Autolyse sounds technical but is one of the simplest steps in baking: you mix only the flour and water, then let them rest — typically 30 minutes to an hour — before adding the leaven and salt.

During that quiet rest, two useful things happen on their own:

  • The flour fully hydrates, so no dry pockets remain.
  • Enzymes begin converting starch to sugar, and the gluten network starts to organise itself without any kneading.

The result is a dough that is more extensible — it stretches rather than tears — and that reaches strength with far less mixing. In practice, an autolysed dough is simply more pleasant and forgiving to handle and shape.

A couple of practical notes:

  • Salt and leaven are held back because salt tightens gluten and slows enzyme activity, while early leaven would start fermentation before hydration is complete. Add both after the rest.
  • Autolyse is optional. Plenty of good loaves skip it, and very long autolyses can over-soften high-enzyme flours. For most home bakers, a short autolyse is a low-effort win.

Bulk Fermentation: Where the Loaf Is Made

Once leaven and salt are mixed in, the dough enters bulk fermentation — the first major rise, when the whole mass ferments together before you shape it. This is the most important stage of the entire process. It is where the dough gains its strength, its structure, and most of its flavour, and where the majority of the rise happens.
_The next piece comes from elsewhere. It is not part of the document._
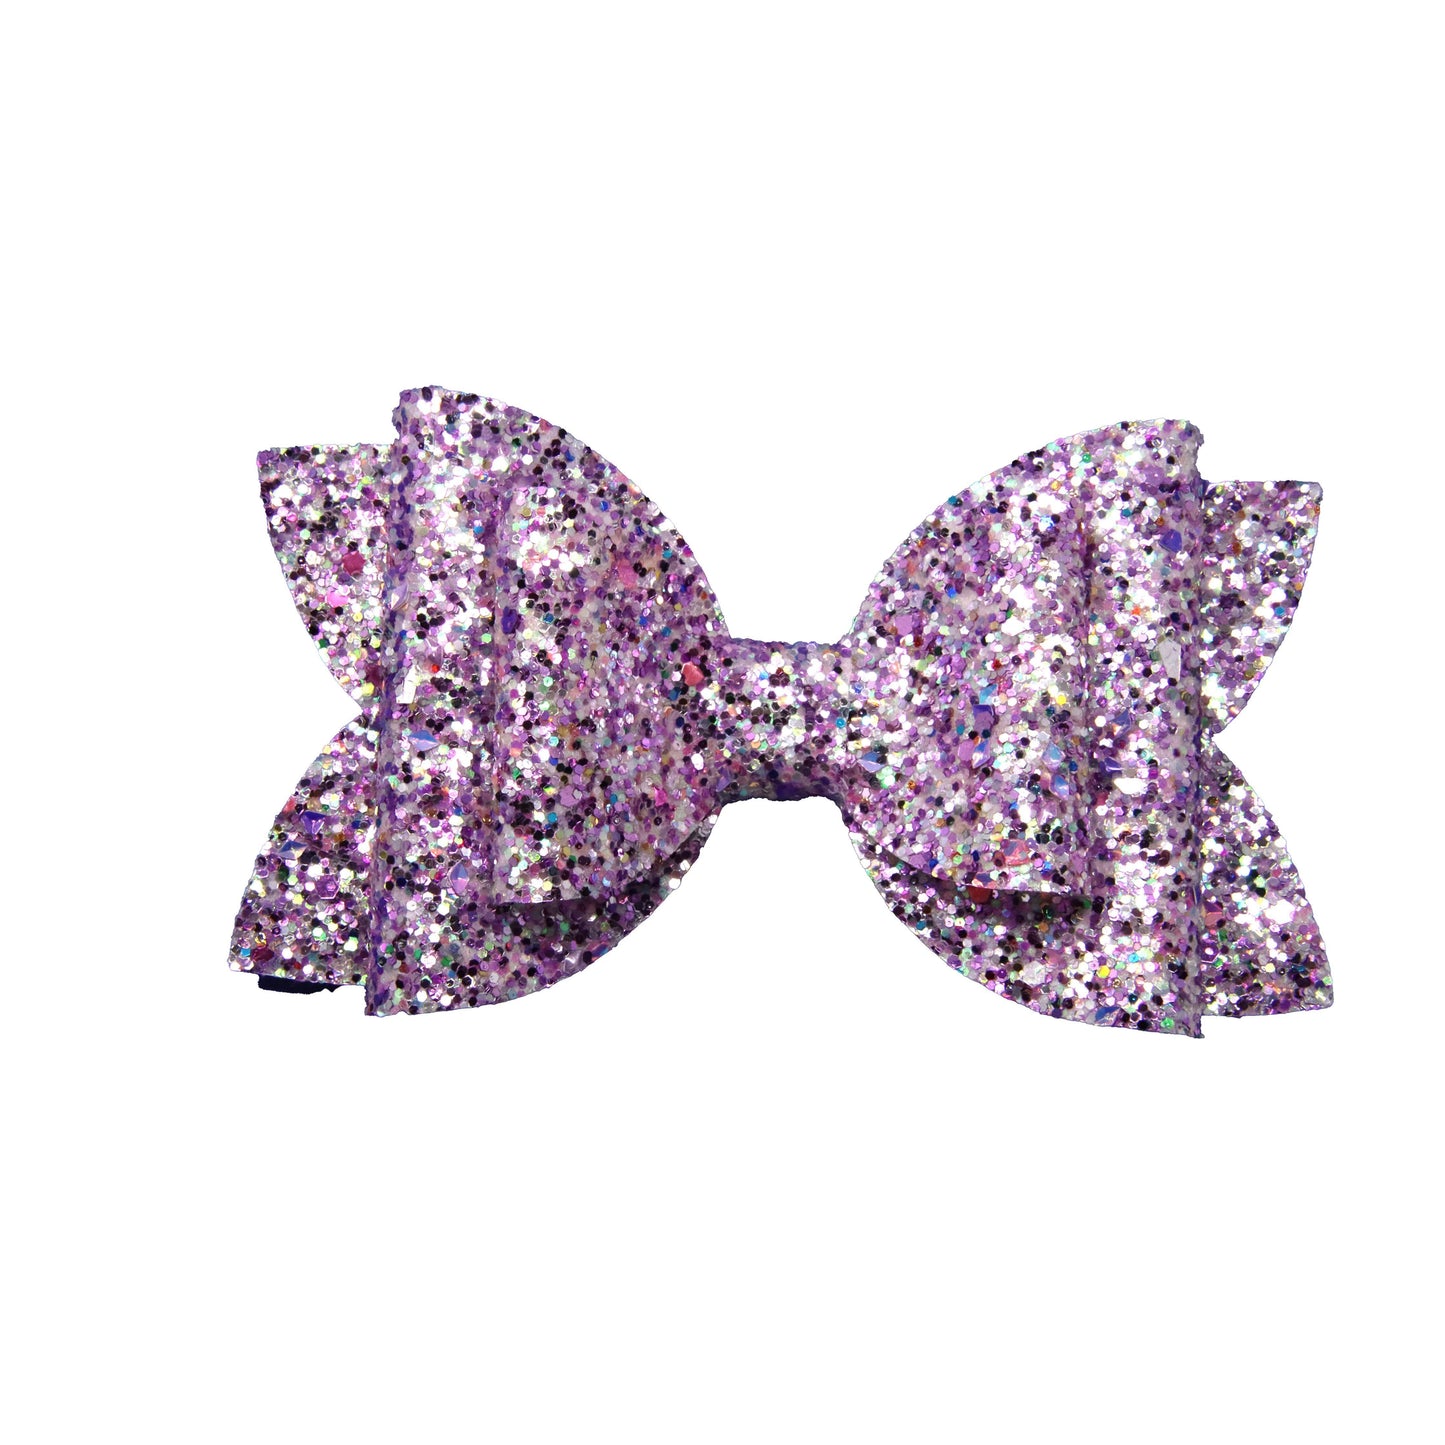 5 inch Lavender Fields Glitter Double Diva Bow

During bulk you will usually perform stretch-and-folds: every 30 to 60 minutes, you gently stretch the dough and fold it over itself. This builds gluten strength without kneading and evens out the temperature and fermentation throughout the dough.
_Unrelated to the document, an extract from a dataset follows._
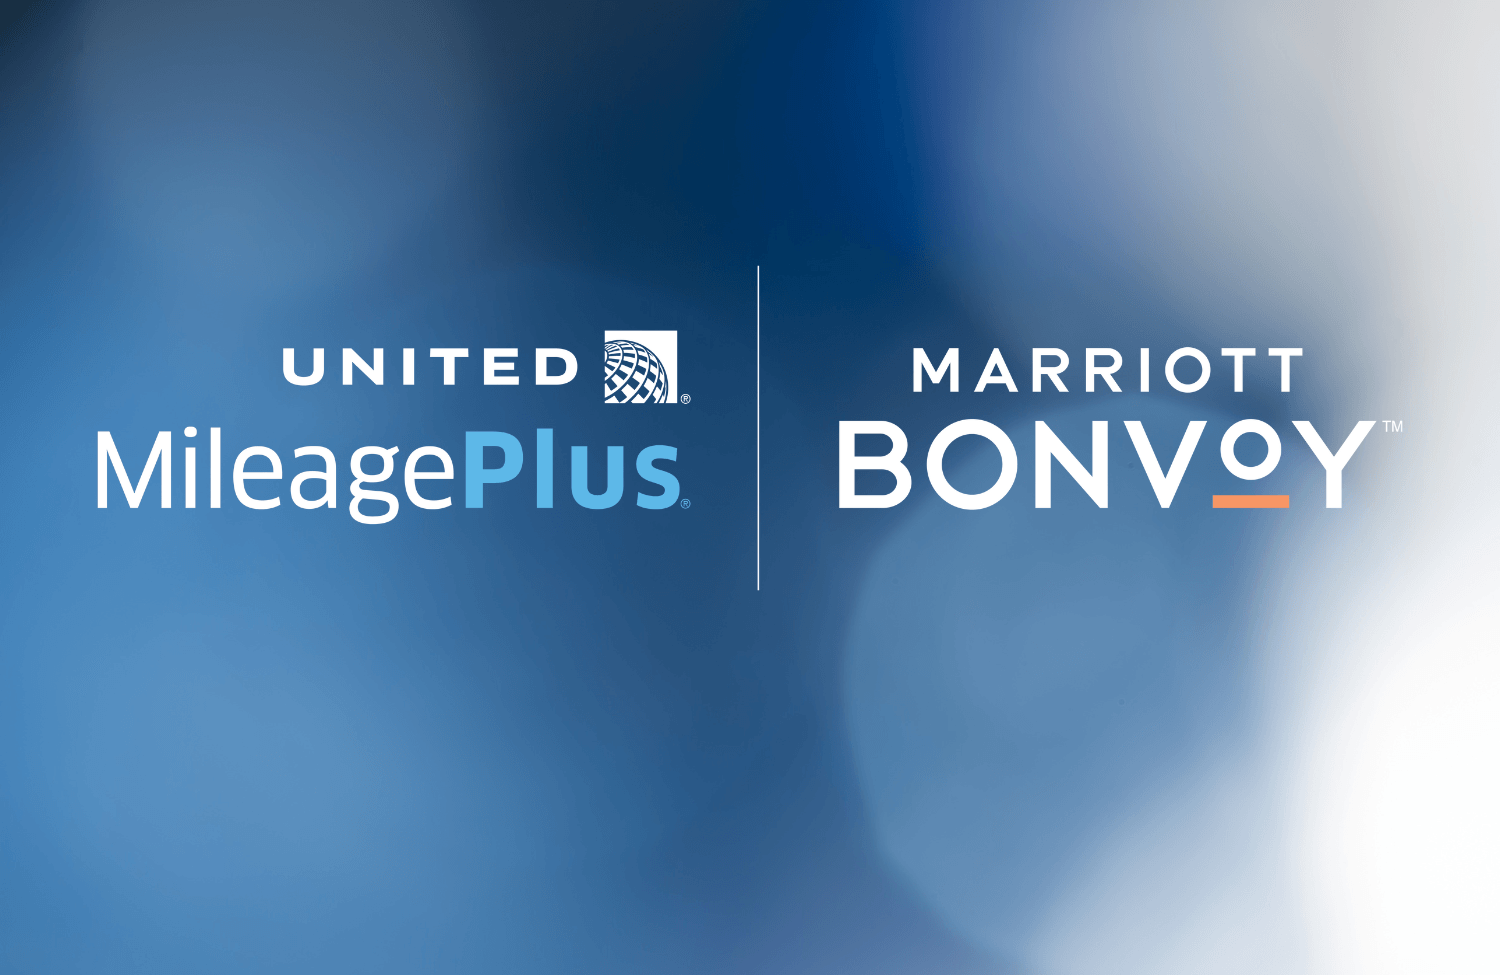 Marriott Bonvoy and United MileagePlus Partnership

The hardest lesson in sourdough is that bulk fermentation is governed by temperature and culture activity, not the clock. A warm kitchen at 24–26°C might finish bulk in 4–6 hours; a cool one can take 8–12 hours or longer. Instead of trusting a timer, read the dough:

  • It has risen somewhere around 30–70% (depending on your flour and style).
  • The surface looks domed and slightly jiggly, with bubbles forming at the edges and on top.
  • The dough feels alive and airy rather than dense and slack.

Because temperature matters so much, it is worth controlling. Cooler dough ferments slowly and is forgiving; warm dough moves fast and tips into overproofing quickly. For a deeper walk through reading the signs and dialling in timing, see the bulk fermentation guide. Push it too far and you get the slack, gummy results covered in the overproofed sourdough guide.

Shaping and the Final Proof

When bulk is done, you divide and shape the dough into its final form, building surface tension that will hold the loaf’s structure in the oven. After shaping comes the final proof (also called the second rise): a shorter, gentler rest that lets the shaped loaf relax and puff before baking.

The key distinction many bakers blur:

  • Bulk fermentation = the whole mass rising before shaping. Most strength and flavour develop here.
  • Final proof = the shaped loaf rising one more time after shaping. Shorter, and mostly fine-tuning.

Many bakers do the final proof cold — an overnight retard in the fridge. This slows fermentation dramatically, which deepens flavour, makes the dough easier to score, and lets you bake on your own schedule rather than the dough’s.

How Temperature Ties It All Together

If there is one thread running through every stage, it is temperature. It controls how fast the wild yeast and bacteria work, and therefore how long autolyse, bulk, and proof each take. Warmth speeds fermentation and gives a milder, faster loaf with a narrow margin before overproofing; cooler temperatures slow everything down, develop more complex sourness, and are far more forgiving.

This is why two bakers using the identical recipe can get wildly different results — and why experienced bakers talk about dough temperature as much as time. When you adjust a bake, you are really adjusting the rate of the fermentation you now understand.

When you are ready to put the numbers behind the process, the levain calculator sizes your leaven, the hydration calculator balances flour and water, and the bulk fermentation calculator estimates timing for your kitchen temperature. To check the loaf is truly done at the end of it all, the internal temperature guide tells you what to look for. Master the why behind each stage, and the recipes finally start to read like a story you can follow.